A recent Missouri federal case where an employee was allegedly harassed based on his Christian religious convictions illustrates this point. In Cooper v. City of St. Louis, No. 4:16 CV 1521 RWS, 2018 WL 3093504, at *1 (E.D. Mo. June 22, 2018), the court denied the employer’s request to dismiss the employee’s religious harassment claim, which allows the claim to proceed to trial.
Cooper alleged the harassment he experienced started in 2013 following a religious conversion he discussed, typically in the lunch room prior to work, with his co-workers.
His supervisor would tell Cooper to “shut up” on a daily basis and called Cooper “Reverend Rodney.” In addition, other workers began referring to Cooper as “preacher man.”
Cooper’s supervisor admitted to calling him “Reverend Rodney,” but denied other allegations that he called Cooper “retarded” or said he was bipolar. The supervisor also denied telling Cooper to “shut up” about his religion, but admitted telling him to “tone it down” following complaints from other employees. Cooper’s co-worker provided testimony that the supervisor “literally told Rodney Cooper if he didn’t stop praying he would get fired on the spot.” Cooper stated if he requested overtime, his supervisor would tell him, “No, you need to go to Church.”
Cooper alleged these and other incidents subjected him to unwelcome harassment based on a protected characteristic, his religion, and affected the terms and conditions of his employment. As a result, Cooper asserted the company should be liable for the actions of the supervisor.

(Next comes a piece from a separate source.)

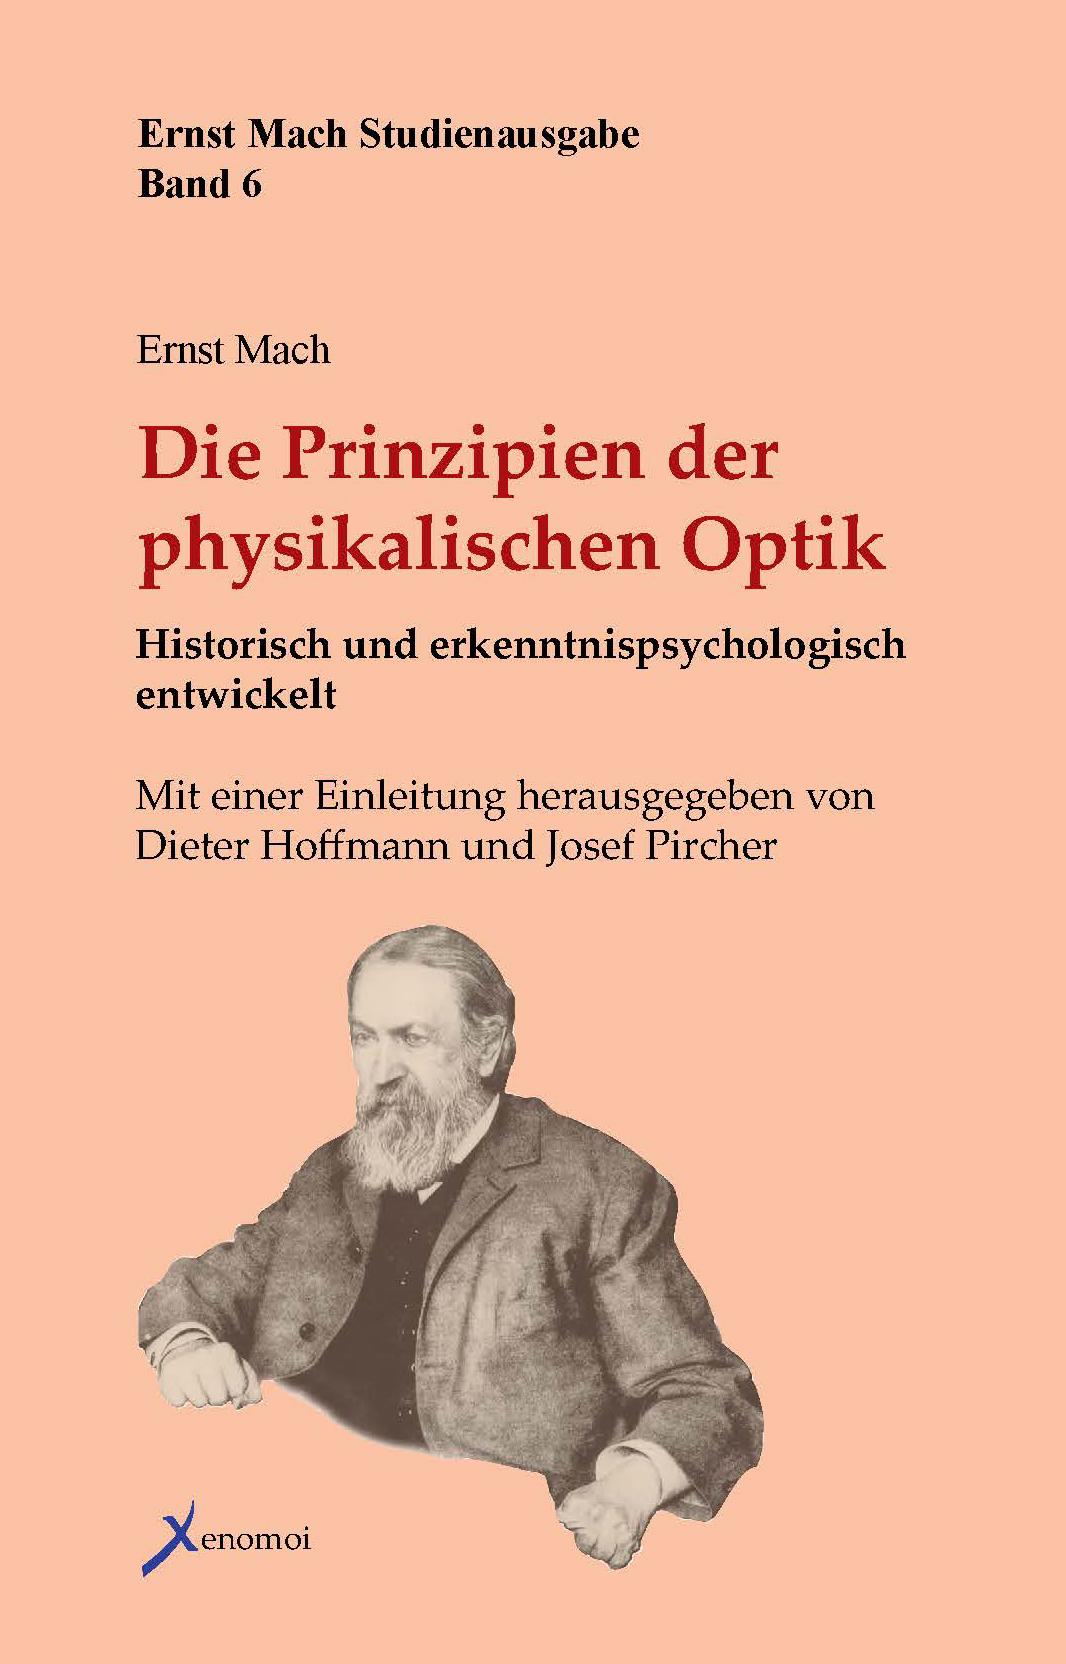 Ernst Mach: Die Prinzipien der physikalischen Optik. Historisch und erkenntnispsychologisch entwicke

A hostile work environment is created when an individual suffers “discriminatory intimidation, ridicule, and insult, that is sufficiently sever or pervasive to alter the conditions of the victim’s employment and create an abusive working environment.” Simple teasing and offhand comments in isolated incidents (unless extremely serious) will not amount to a hostile work environment.” Rather, the work environment “must be both an objectively and subjectively offensive one that a reasonable person would find hostile or abusive.” In making a determination about whether illegal harassment - religious, sexual, disability, and all other such claims - has occurred, courts consider “ the frequency of the discriminatory conduct;  its severity;  whether it is physically threatening or humiliating, or a mere offensive utterance; and  whether it unreasonably interferes with an employee’s work performance.”
The court in this matter found Cooper’s claim could advance to trial regardless of the fact that there was no evidence his supervisor’s conduct unreasonably interfered with Cooper’s work.
This case illustrates how in the #MeToo era employers must not only be vigilant in preventing sexual harassment, but all forms of workplace harassment. Employers should:
- Review harassment policies to ensure that policies are up to date and cover all forms of impermissible harassment
- Ensure that employees are provided proper training on what harassment is and what to do if they encounter such conduct in the workplace
- If a complaint arises, ensure that you follow the company’s policy and take it seriously.